THE TASK - Your output should be the lines below from the one with "سلطان العماني - هيبة" through the one with "Cintura Louis Vuitton", copied exactly, pictures excluded.

ENTRIES PROVIDED -
——

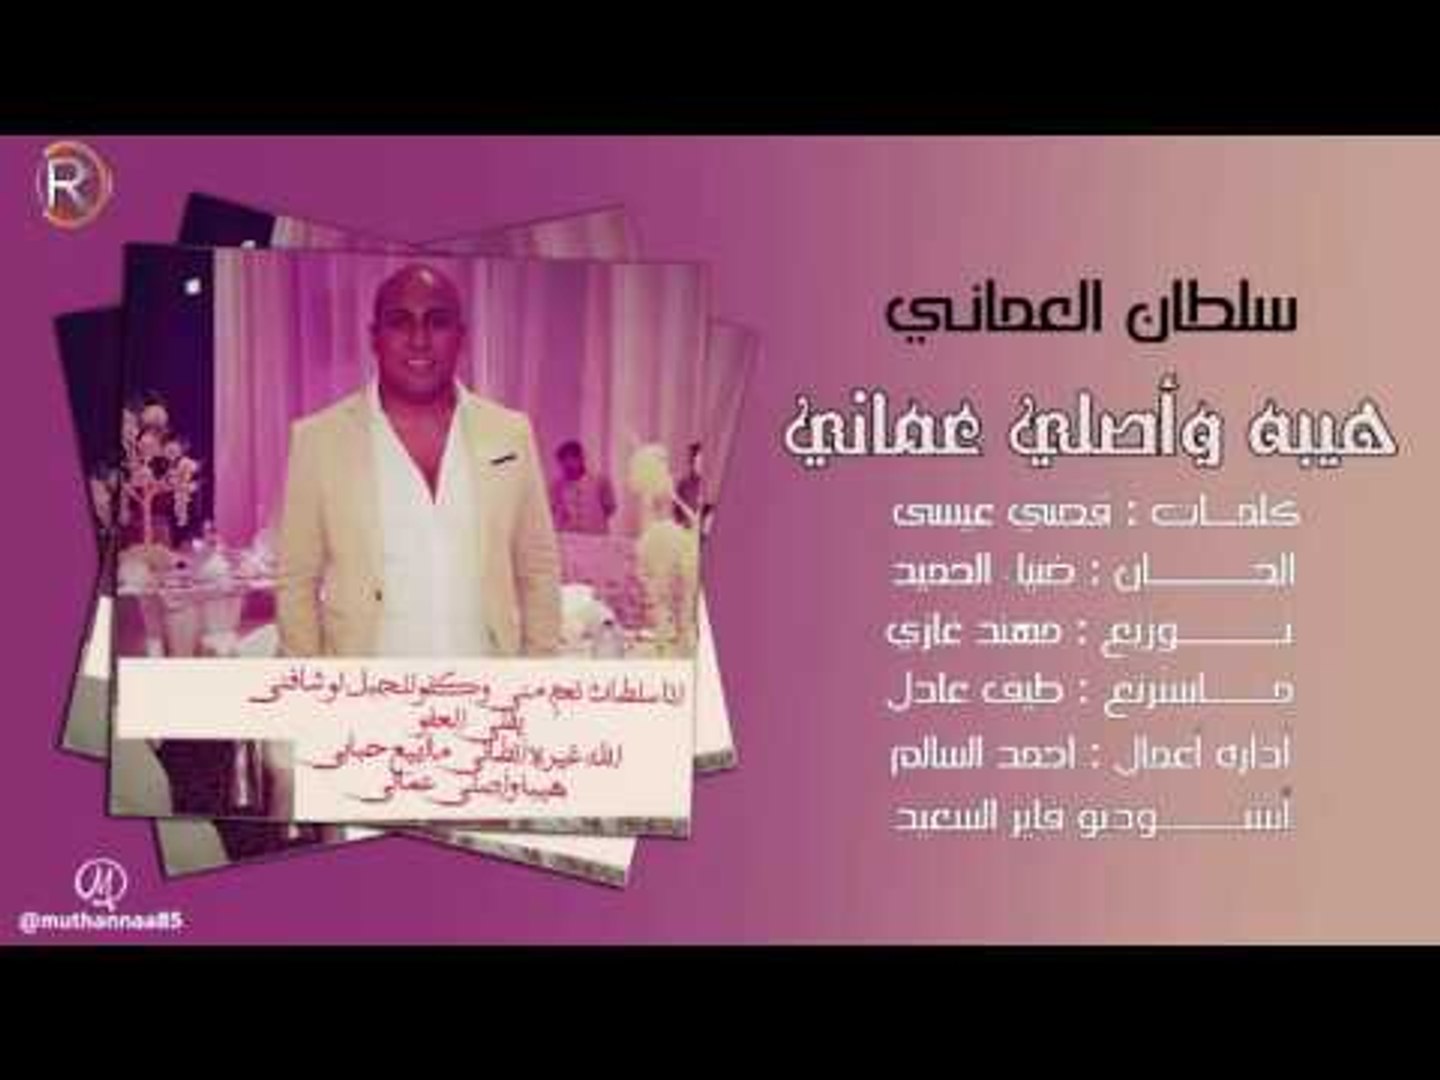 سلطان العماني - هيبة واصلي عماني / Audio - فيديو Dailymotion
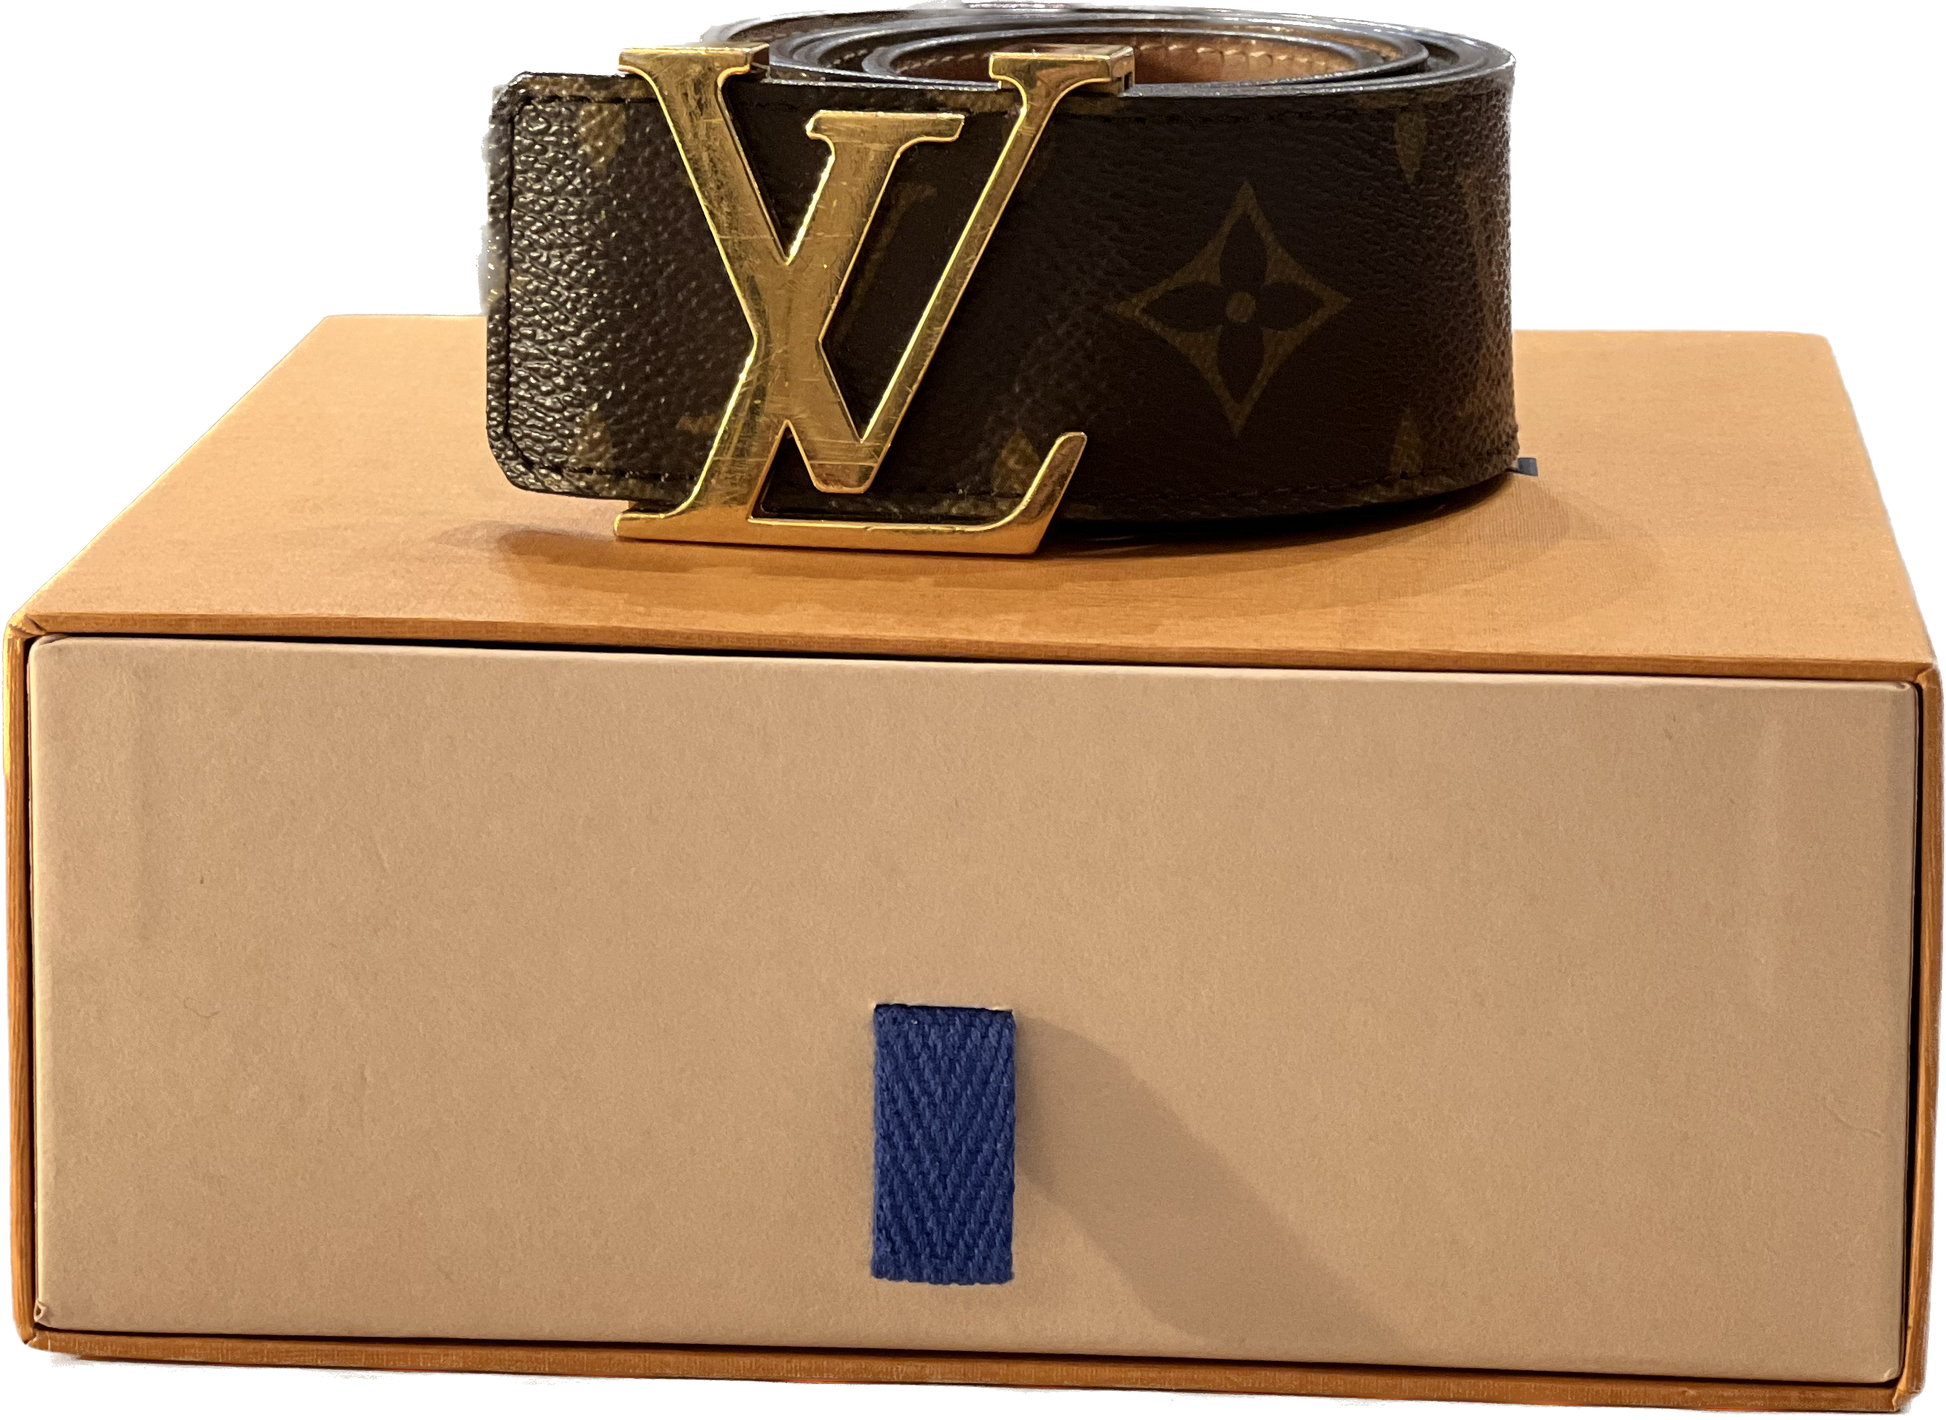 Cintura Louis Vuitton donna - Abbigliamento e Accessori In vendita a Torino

——

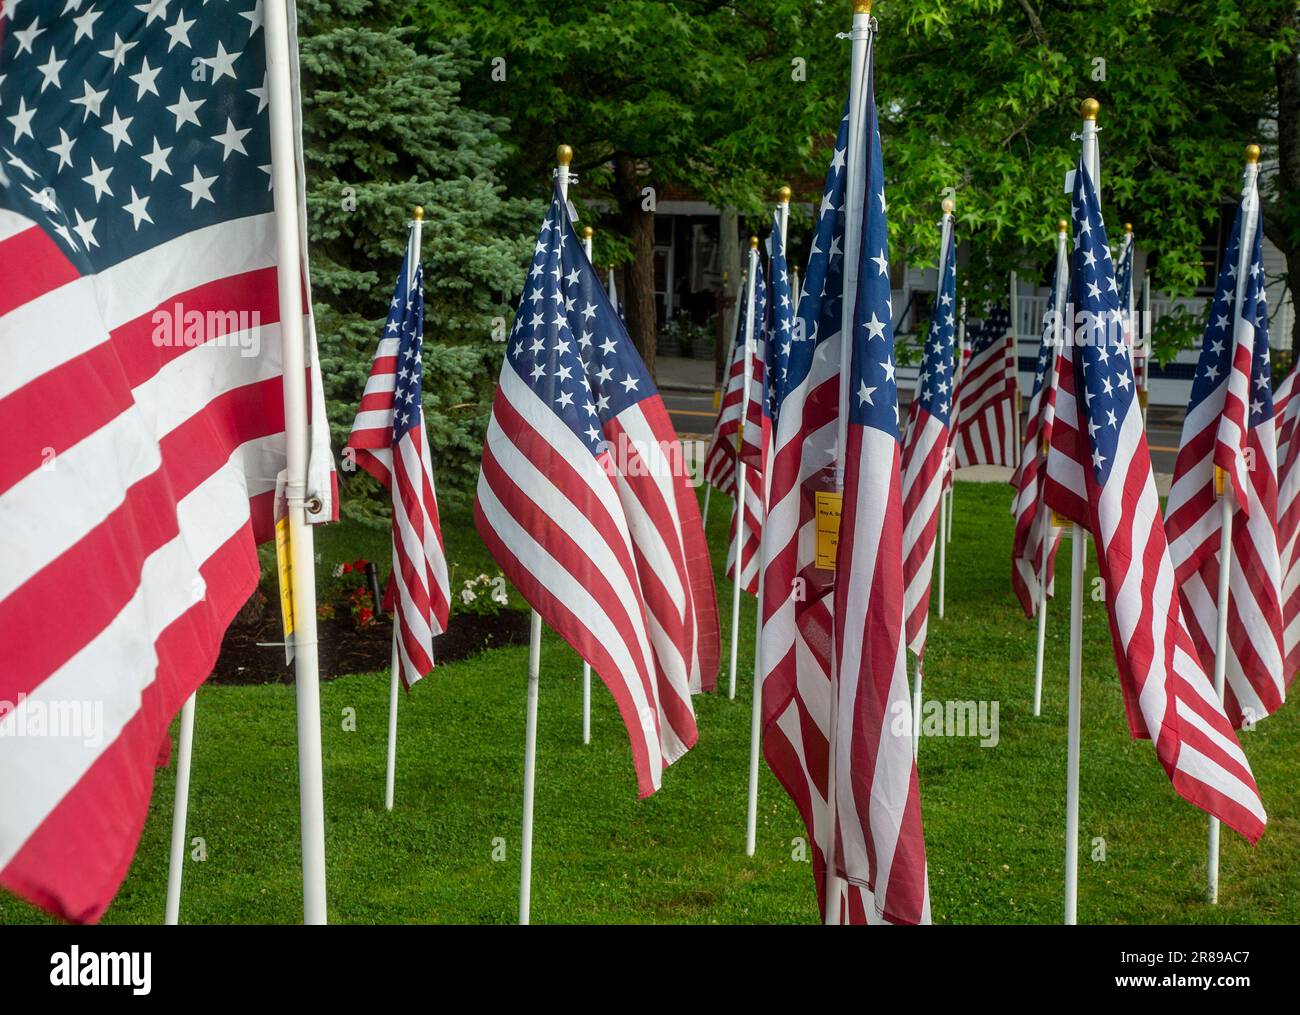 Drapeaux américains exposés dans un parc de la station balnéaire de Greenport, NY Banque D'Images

——

EXERCISE OUTPUT -
 سلطان العماني - هيبة واصلي عماني / Audio - فيديو Dailymotion
 Cintura Louis Vuitton donna - Abbigliamento e Accessori In vendita a Torino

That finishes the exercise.